EKSIBISIONISME DALAM HUKUM PIDANA INDONESIA BERKAITAN DENGAN PASAL 44 KUHP Eksibisionisme merupakan salah satu gangguan seksual yang masuk dalam klasifikasi gangguan prefensi seksual atau Prafilia, seperti yang telah dijelaskan diatas pengidap eksibisionisme mengalami gangguan kebiasaan seksual dan gairah seksual yang abnormal dari manusia normal lainnya. Eksibisionisme seksual atau eksibisionisme diambil dari bahasa Inggris exhibition yang artinya tontonan atau pertunjukan atau to exhibit yang artinya mempertontonkan atau mempertunjukan. Eksibisionisme juga dikenal sebagai sindrom Lady Godiva, Apodysophilia, dan di Amerika Serikat dan Kanada istilah dalam bahasa slangnya disebut flasher, yang didefinisikan sebagai kebutuhan psikologis dan pola perilaku untuk menunjukkan bagian telanjang tubuh untuk orang lain.
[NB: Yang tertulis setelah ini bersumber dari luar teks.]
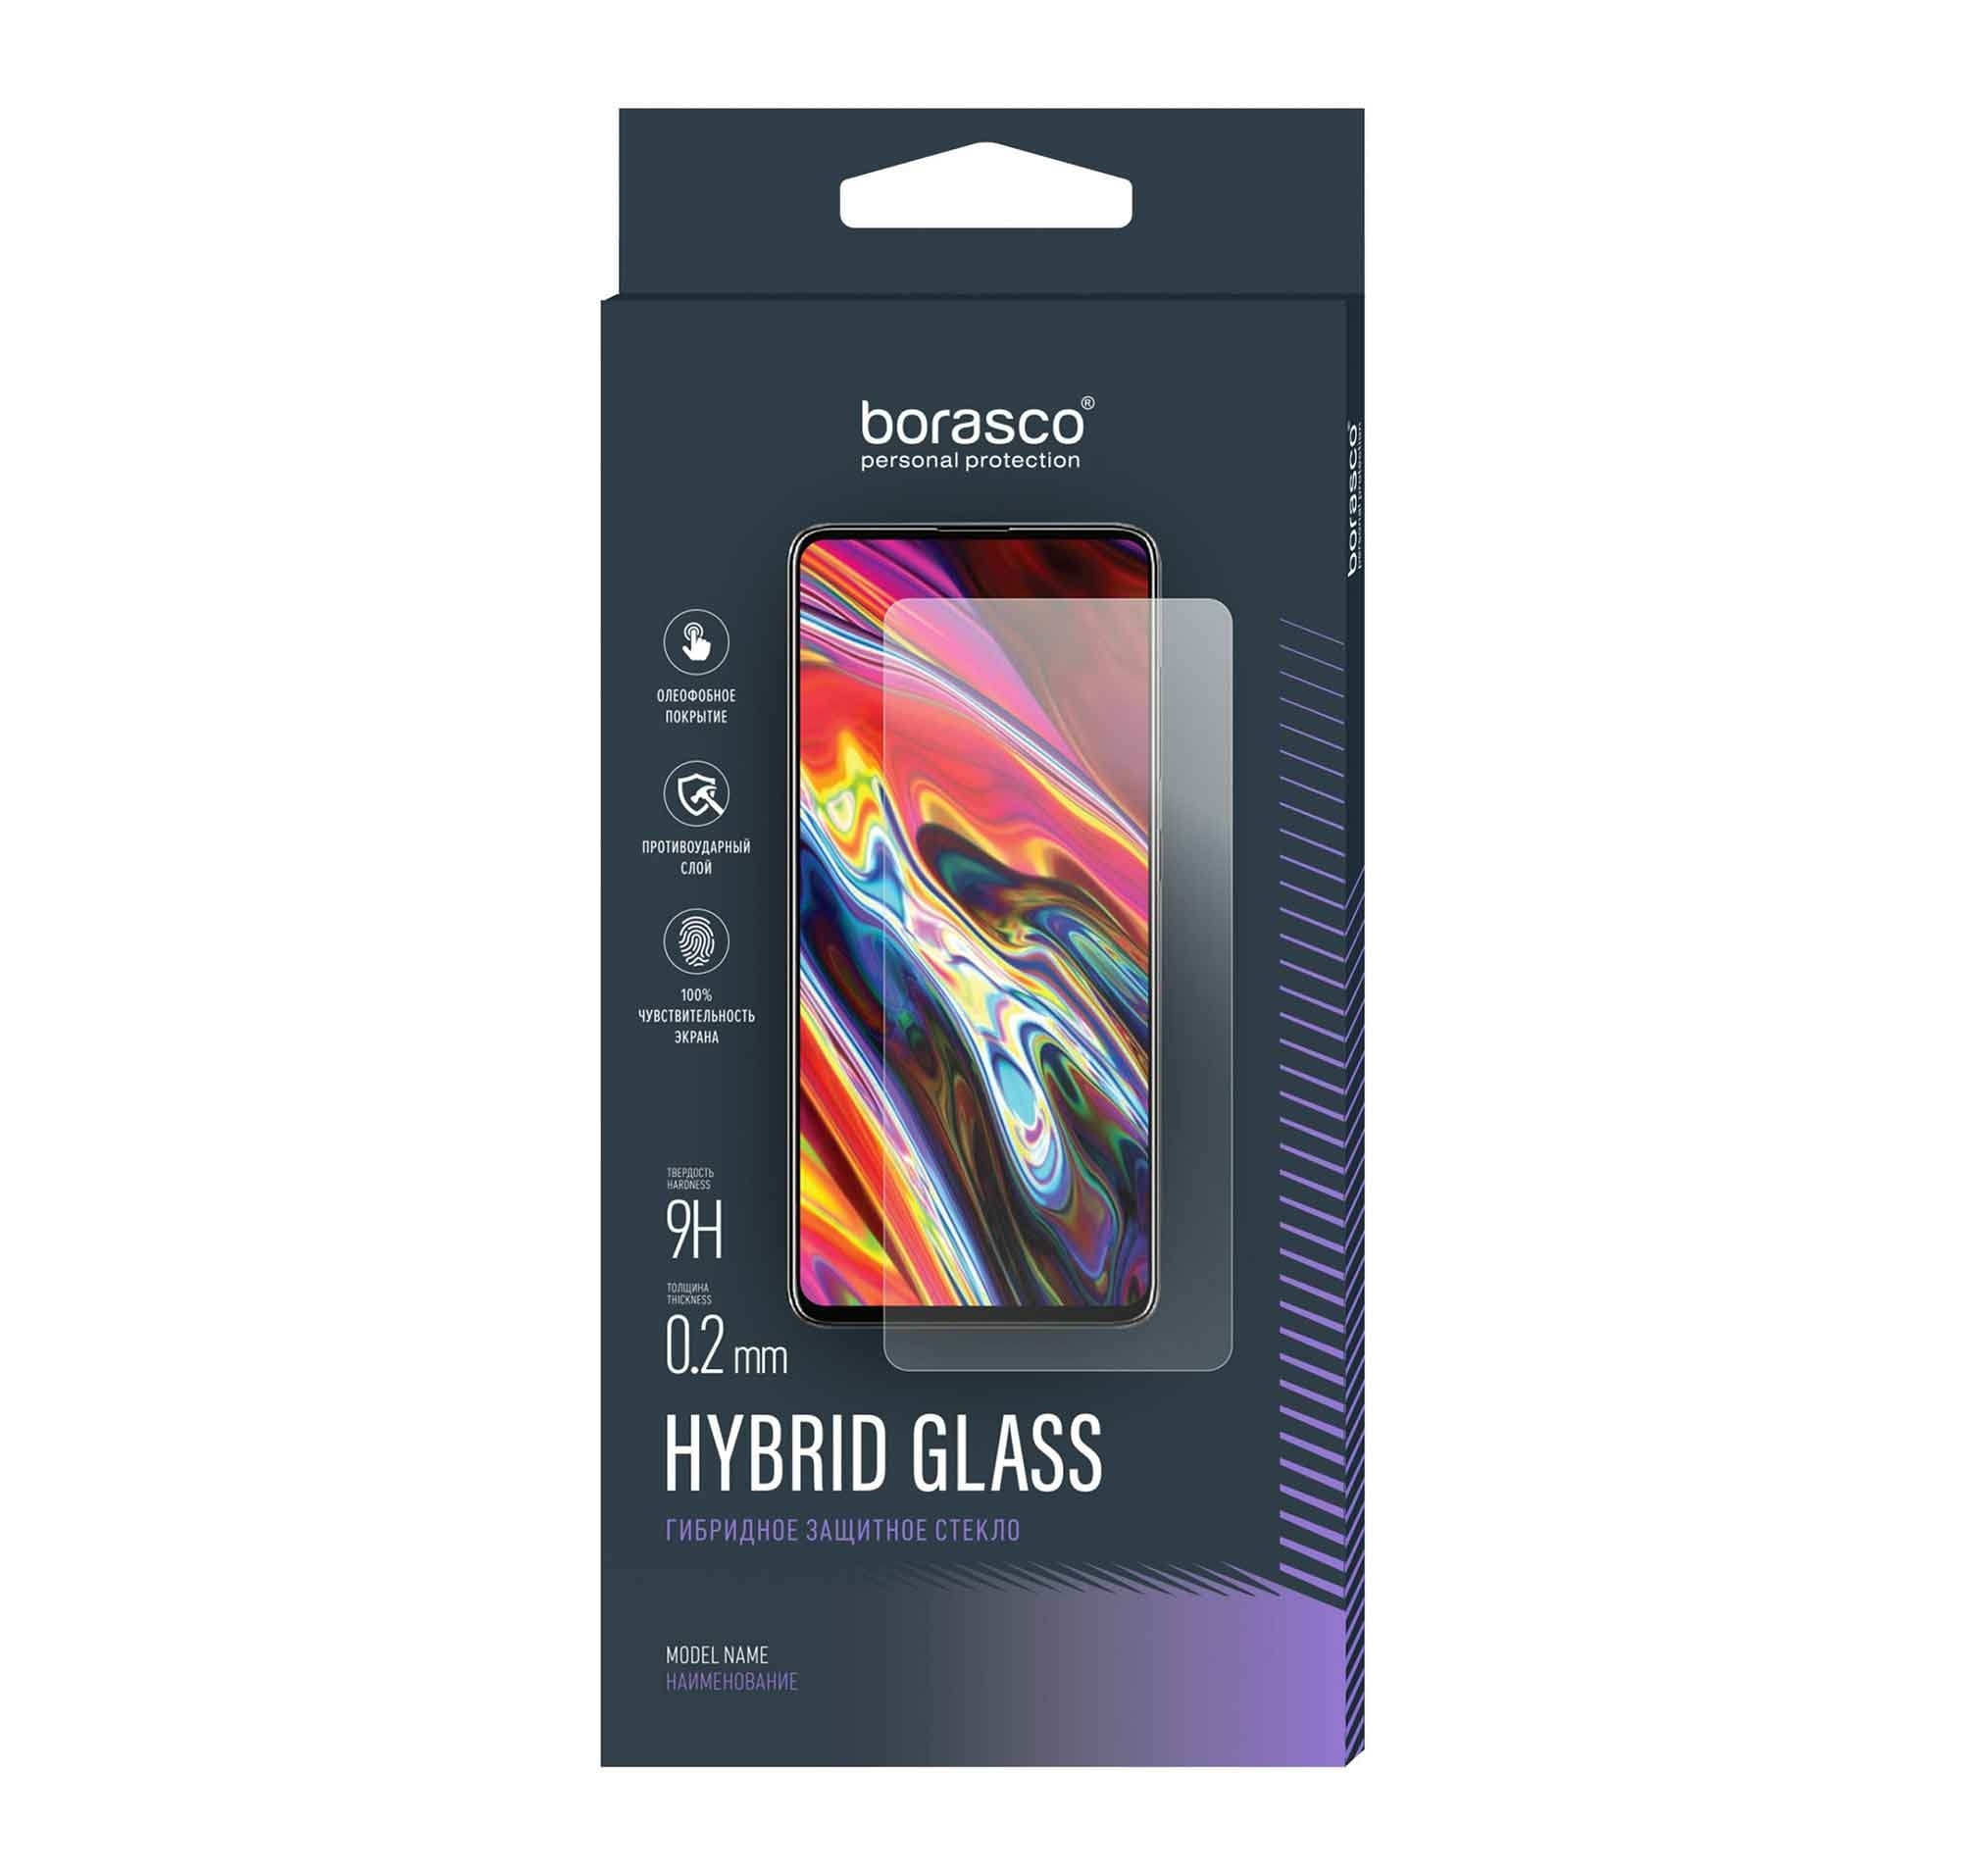 Стекло защитное BoraSCO Hybrid Glass для Honor X9 стекло с полным покрытием для huawei honor x9 стекло для honor x9 закаленное стекло защитная пленка для экрана honor x9 стекло для объектива

Tindak Pidana kesusilaan ini diatur dalam pasal 281-299 KUHP. dalam pasal tersebut dapat pasal-pasal yang berkaitan dan memenuhi eksibisionisme sebagai suatu perbuatan tindak pidana,seperti yang dituliskan dalam pasal 281 KUHP : diancam pidana penjara paling lama dua tahun delapan bulan atau pidana denda paling banyak empat ribu lima ratus rupiah :
1. Barangsiapa dengan sengaja dan terbuka melanggar
kesusilaan ;
2. Barangsiapa dengan sengaja dan didepan orang lainyang ada
disitu bertentagan dengan kehendaknya, melanggar kesusilaan ; Agar sesorang dapat dihukum menurut pasal ini, maka orang itu harus:
1. Sengaja merusak kesopanan dimuka umum, artinya
perbuatan merusak kesopanan itu harus sengaja dilakukan ditempat yang dapat dilihat atau didatangi orang banyak, misalnya dipinggir jalan, digedung bioskop, dipasar dsb.
2. Sengaja merusak kesopanan dimuka orang lain
(seseorang yang sudah cukup umur) yang hadir disitu tidak dengan kemauannya sendiri, maksudnya tidak perlu dimuka umum, dimuka seseorang lain sudah cukup, asal orang yang melihat tersebut tidak menghendakinya. Secara lex specialis kejahatan Eksibisionisme dapat dijerat juga dengan pasal 10 Undang- Undang No.44 Tahun 2008 tentang Pornografi. “Setiap orang dilarang mempertontonkan diri atau orang lain dalam pertunjukan atau di muka umum yang menggambarkan ketelanjangan, eksploitasi seksual, persenggamaan atau yang bermuatan pornografi lainnya.” Ketentuan sanksi pidana nya dapat dilihat pada pasal 36 UU nomor 44 tahun 2008. Dasar pertanggungjawaban adalah kesalahan yang terdapat pada jiwa pelaku dan hubungannya dengan kelakuannya yang dapat dipidana dan berdasarkan kejiwaan itu pelaku dapat dicela karena perbuatannya. Berkaitan dengan hal tersebut, di dalam Pasal 44 KUHP mengatur mengenai bentuk negatif dari kemampuan bertanggungjawab seseorang. Ilmu kedokteran jiwa memberi pengertian bahwa “eksibisionisme” merupakan penyakit kejiwaan yaitu penderitanya mengalami gangguan preferensi seksual sehingga jika dikaitkan dengan alasan pemaaf terkait dengan Pasal 44 KUHP yang menyebutkan bahwa orang yang jiwanya cacat dalam pertumbuhannya atau terganggu karena penyakit tidak dapat dipertanggungjawabkan perbuatan pidana yang dilakukannya. Gangguan jiwa termasuk ke dalam alasan pemaaf yang terdapat pada Pasal 44 KUHP, namun tidak terdapat pembatasan mengenai jenis-jenis gangguan jiwa yang dapat dimintai pertanggungjawaban ataupun yang tidak dapat dimintai pertanggungjawaban. Pertanggungjawaban pidana selalu dikaitkan dengan keadaan mental si pelaku, dengan kata lain hanya pelaku yang mentalnya sehat saja pertanggungjawaban itu dapat dijatuhkan. Tidak terdapat penjelasan pasti tentang keadaan- keadaan seperti apa yang dapat dikualifikasiikan dalam Pasal 44 KUHP, sehingga diperlukan penafsiran lebih lanjut yaitu tata bahasa dan penafsiran ekstensif mengenai konsep yang terkandung dalam Pasal 44 KUHP.